The information mix of today's typical large enterprise is strikingly different from that of even five years ago -- and so IT should consider new approaches to accessing that data.

Five years ago, OLTP and data warehousing -- the key mission-critical data-management tasks of the typical large enterprise -- at least half the time involved "dynamic" structured (relational) data that, once stored, was frequently changed. Although data warehouse data changed less frequently, with daily or weekly refreshes, it reflected the OLTP data, which was updated much more frequently.

Today, static event data ("write once read many," or once created, not modified), much of it text or rich-media, is driving today's tremendous growth in data volume. As a result, up to 85% of today's data is static and semi-structured or unstructured.

The majority of today's data management systems use SQL (a transactional language designed for relational data) and are "pure" relational databases, which were originally designed for, and are still optimized for, dynamic, structured data. This transactional language and these relational databases are not the best solution for static, semi-structured or unstructured data.
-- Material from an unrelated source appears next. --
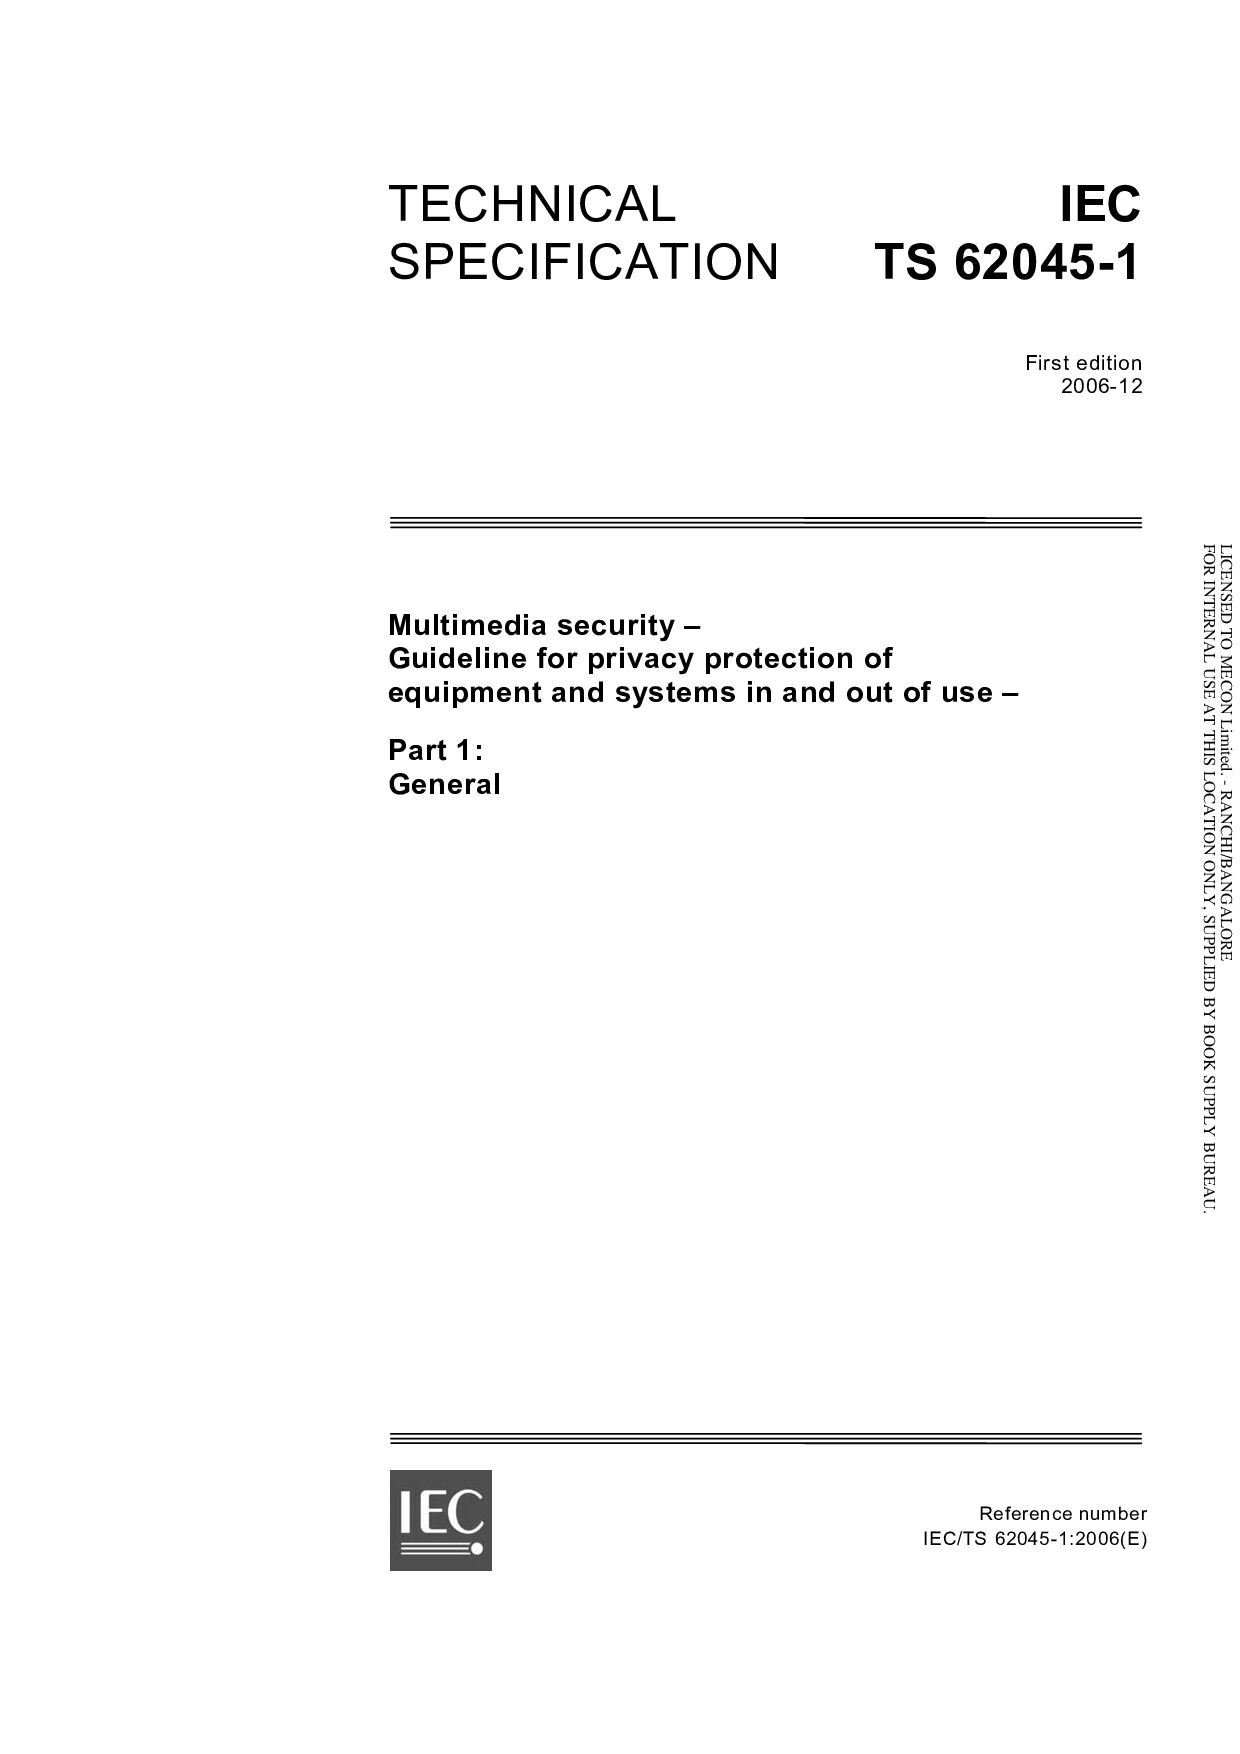 IEC TS 62045-1:2006

Instead, users need databases that store semi-structured and unstructured data as XML messages, and access it via the XQuery transactional language. XML is today's de-facto standard for storing semi-structured and unstructured static data, and XQuery is becoming the de-facto standard for accessing XML data. This effectively partitions the enterprise's data into dynamic/structured and static/non-structured data, and applies the data-management technologies appropriate to each. By handling the "information mix" in this way, IT can achieve major benefits for the enterprise:

  • Increased overall performance and scalability will lead to greater user satisfaction, and hence better bottom-line results (e.g., more sales).
  • Increased scalability using existing resources will cut IT costs.
  • Separating management of static/non-structured from dynamic/structured data will put users' data management more in line with today's storage management systems, yielding smaller backup windows, higher I/O performance, and more rapid disaster recovery.

Data Types in the Information Mix

There are several useful ways to categorize today's data. The first is by the format of the data:
  • Structured data is numeric or with a simple, efficient alphanumeric structure. OLTP and data-warehouse applications typically involve structured data. Most data used by relational databases is highly structured.
  • Unstructured data consists of a large piece of data with no internal structure (e.g., a movie), or a highly complex combination of simple data types (e.g., a car designer's diagram). Web graphics is unstructured data. Object-oriented or XML databases often handle unstructured data.
  • Semi-structured data (e.g., text) is intermediate between structured and unstructured data. Many word-processing "flat files" are semi-structured data. Both relational and other types of databases handle semi-structured data. Unstructured plus semi-structured data comprise "non-structured" data.
Another way of categorizing data is by its age:
  • Current data often needs to be accessed rapidly (e.g., for the needs of the real-time enterprise or for recovery from disasters), and is stored as close to main memory as possible.
  • Aging data (e.g., e-mail that is more than three days and less than one year old) may need to be accessed as part of large queries, but is more rarely used; and it is often stored on disk.
  • Archived data is usually more than one year old. It is rarely accessed except for business-compliance needs such as Sarbanes-Oxley.
A third way of categorizing data is by its rate of change:
  • Dynamic data frequently changes (e.g., customer records).
  • Static data, once stored, never changes (e.g., log files and records of events).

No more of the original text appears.